14- L'illettrisme en entreprise : un phénomène tabou

141- Les salariés en situation d’illettrisme se cachent

Les salariés en situation d’illettrisme cachent souvent leur “ handicap ” dans leur entreprise en adoptant des stratégies de contournement. Certains par exemple s'arrangent pour que leur handicap ne soit pas révélé dans leur milieu de travail car ils vivent cette situation comme une honte. Ces stratégies consistent pour eux à se créer leur propre univers de références et leurs propres moyens de détection et de régulation des dysfonctionnements. Pour cela, ils évitent ou même rejettent l'utilisation de documents écrits susceptibles de révéler leurs difficultés et se servent de leur expérience pour donner l'illusion d'une maîtrise des opérations. C'est souvent à l'occasion de changements dans l'organisation et le contenu du travail ou de l'introduction de nouvelles technologies que se révèlent des situations d'illettrisme insoupçonnées jusqu'alors. Dans certains cas, seul l'encadrement de proximité avait connaissance des difficultés de lecture ou d'écriture de certains employés et compensait cette lacune en prenant lui-même en charge une partie du travail. Ce comportement constitue un glissement de fonction et une gêne pour assurer les tâches qui relèvent réellement de la fonction d'encadrement, même s'il est jugé valorisant.

Dans certains cas, des salariés en situation d'illettrisme s'adressent à l'insu de leur employeur à des organismes de formation à l'extérieur de l'entreprise par peur que leur handicap soit découvert.

142- Les entreprises cachent les situations d'illettrisme et ne savent pas comment s'y prendre

Même lorsque les membres de la direction connaissent l’existence de salariés illettrés ou analphabètes, ce qui n’est pas toujours le cas559, ils n’aiment pas en parler car ils jugent cela à la fois dévalorisant pour leur image, voire risqué pour l’obtention ou le renouvellement de la certification qualité. Une autre raison expliquant le fait que les entreprises occultent l'illettrisme est qu'elles ne savent souvent pas trouver des méthodes adaptées et peu coûteuses pour remettre à niveau les personnes illettrées. En outre, elles manquent d’informations sur les possibilités d’aides financières pour la réalisation d’actions de formation de remise à niveau.

Le résultat de ce manque de prise en compte explicite du problème de l’illettrisme est que la plupart des entreprises excluent les personnes illettrées, soit en les faisant partir en priorité lors des plans sociaux, soit (surtout) en évitant de les recruter. On pourrait ainsi annoncer la résolution progressive du problème de l’illettrisme en entreprise par le fait d’une externalisation quasi-totale des personnes illettrées. Nous pouvons ajouter à cela qu’en France, la plus grande partie des budgets de formation est focalisée sur les cadres et techniciens ce qui tend à accroître l’écart entre le personnel hautement qualifié et ceux de bas niveau de qualification.

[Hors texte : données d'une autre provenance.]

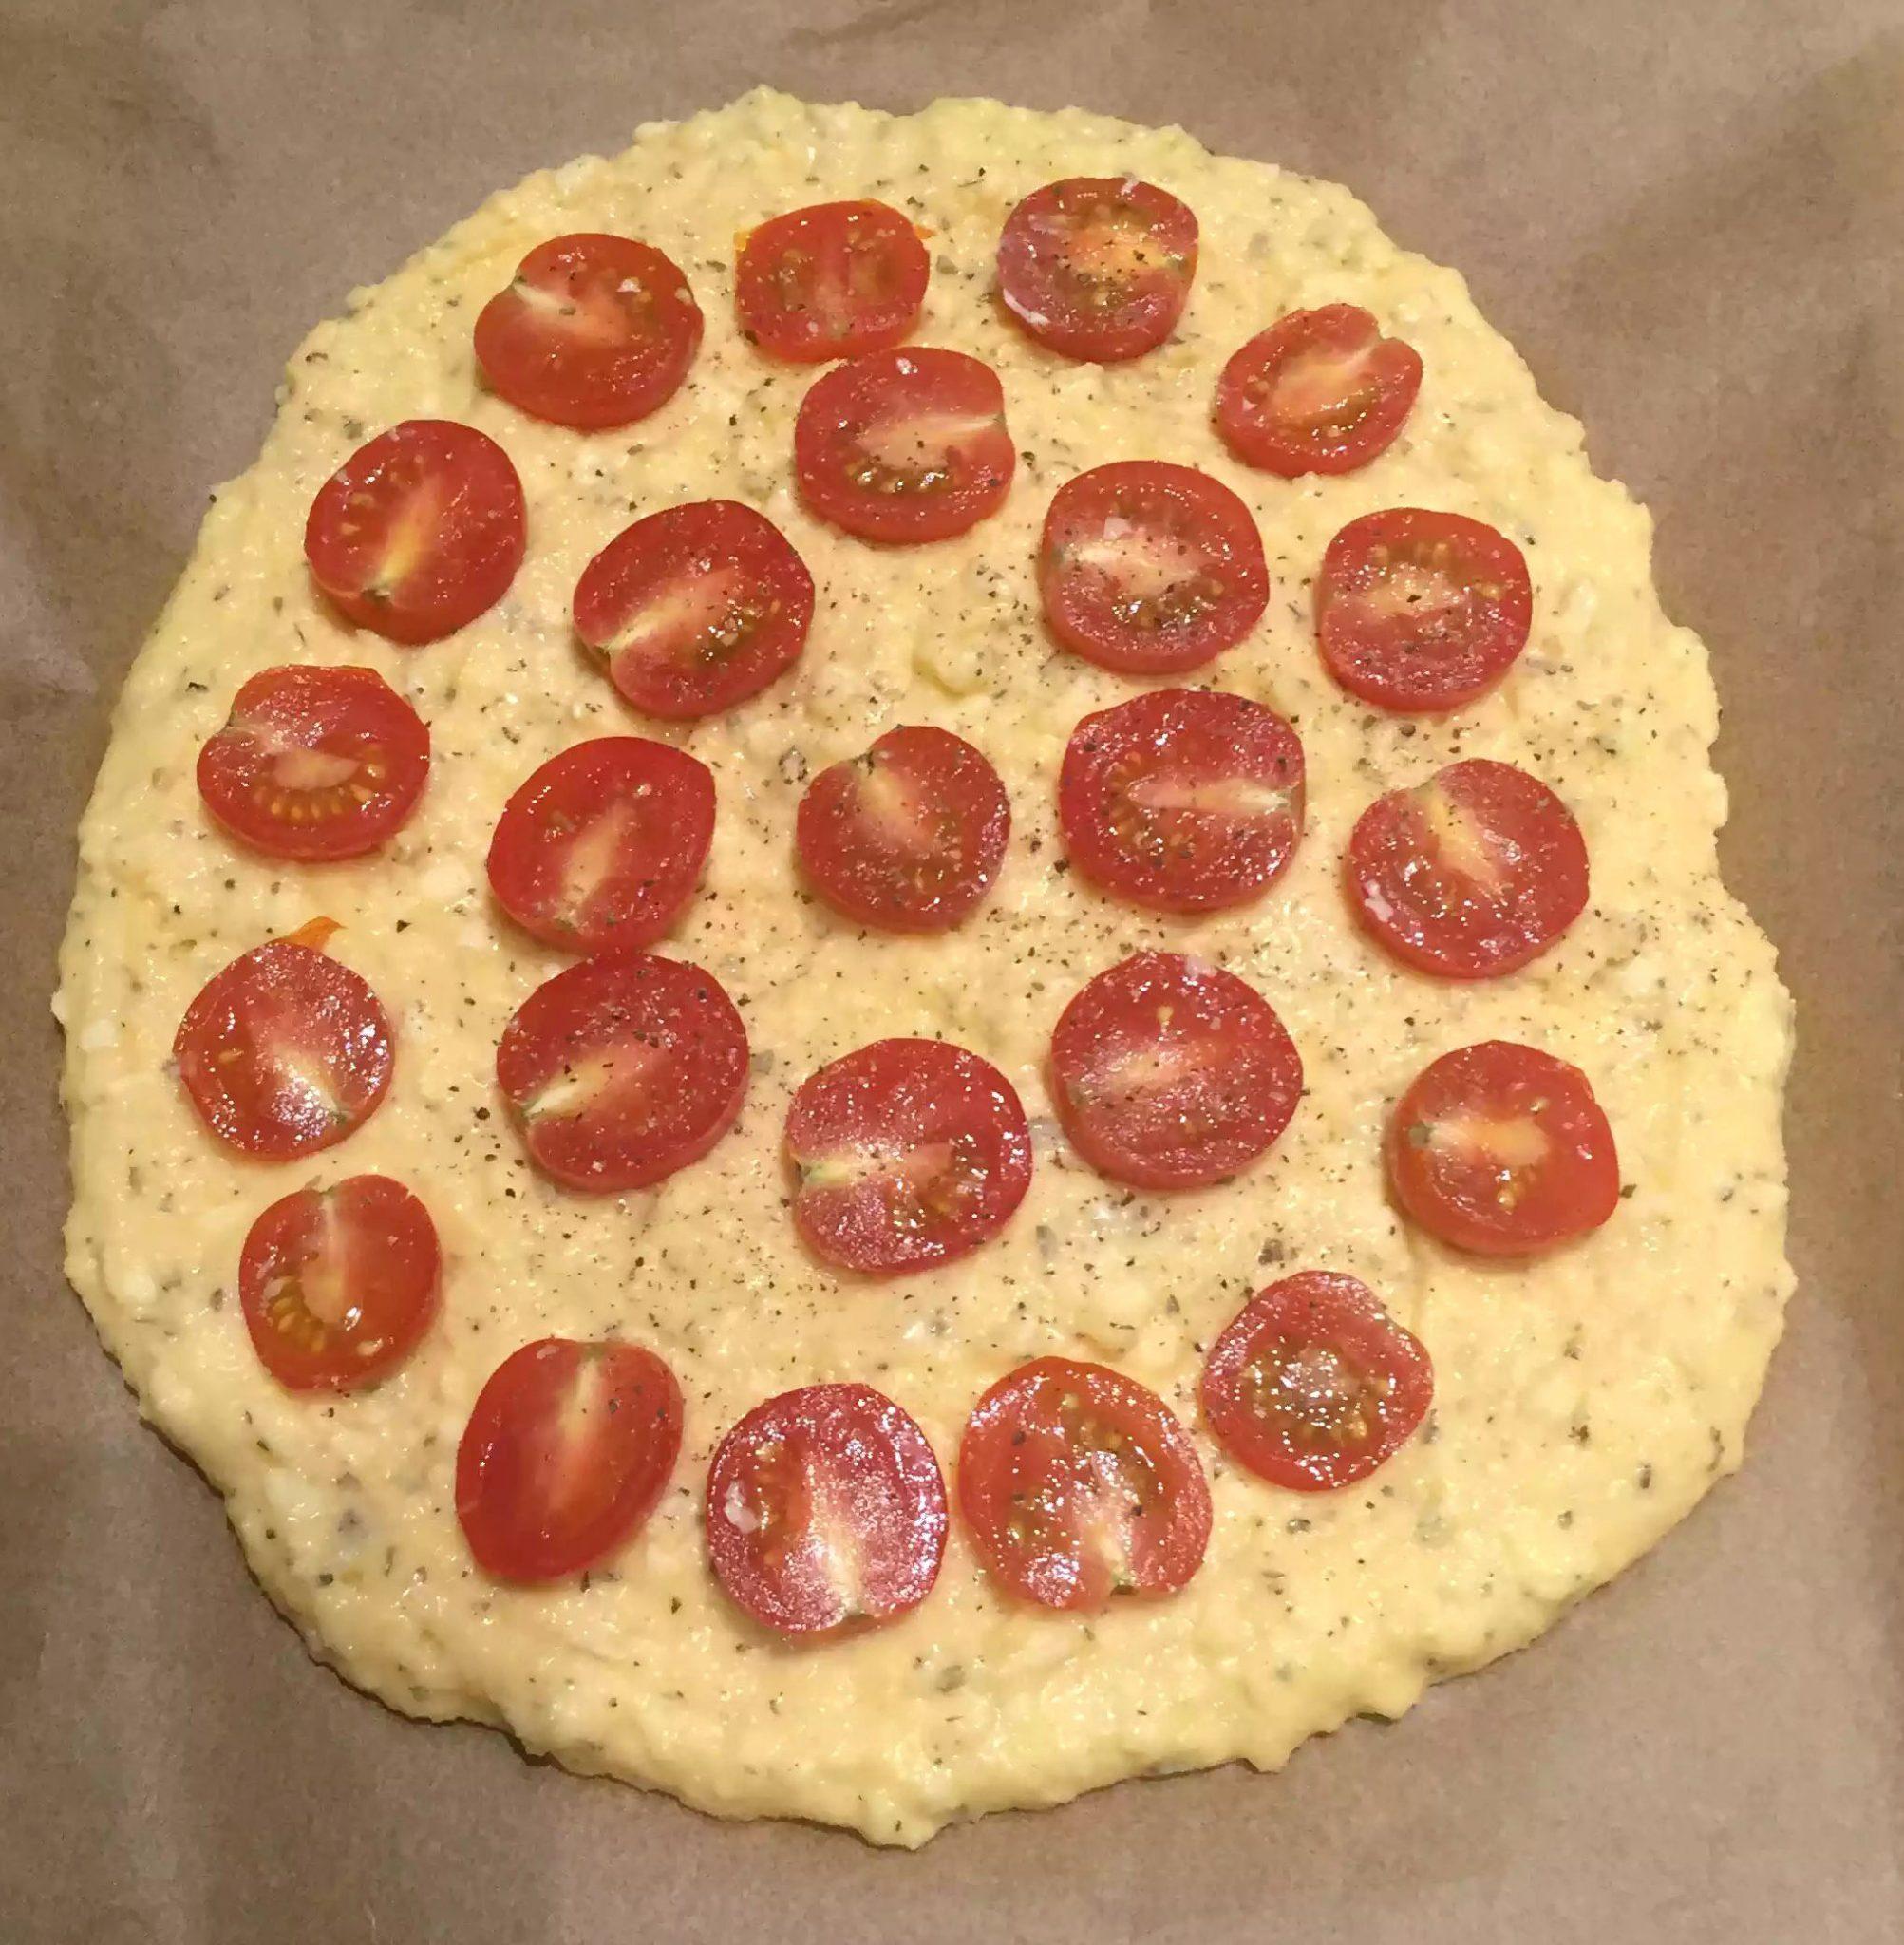 Cherry Tomato & Rocket Pesto Focaccia - Grain-Free Gluten-Free SCD Paleo Eggs Yoghurt Pizza Base Coconut Flour

143- Les syndicats se sentent peu concernés

La faiblesse de la représentation syndicale et les caractéristiques des relations sociales en France ont jusqu’à maintenant contribué à mettre de côté le problème des personnes illettrées et de faible niveau de qualification. D’une manière générale, les thèmes dominants défendus par les syndicats portent plutôt sur les salaires, la durée et les conditions de travail ou les classifications plutôt que sur la formation560 malgré l’existence d’une commission formation au sein des Comités d’Entreprise.

Plusieurs raisons ont pu être avancées pour expliquer cette lacune. La première est que les syndicats et les instances de représentations du personnel mettent d’abord en avant les revendications de leurs adhérents, ce qui ferait passer au second rang la défense de l’emploi et des personnes en voie d’exclusion. Une autre raison est qu’à l’instar des dirigeants, les syndicats ne sont pas suffisamment informés sur les méthodes et les aides adaptées pour remédier à l’illettrisme en entreprise.

Notes
559.

Voir par exemple le cas de l’enquête publiée par « Partenaires », n°48 le 1er février 1994 montrant que la plupart des responsables de PME ne distinguent pas les situations d’illettrisme des situations d’analphabétisme et sont dubitatifs sur les possibilités de faire évoluer les salariés faiblement qualifiés.

560.

Voir par exemple le cas d’une enquête de la SOFRES parue dans « Entreprises et carrières », n°429 du 07 avril 1998 où 70 % des salariés interrogés pensent que la formation n’est pas la priorité des syndicats.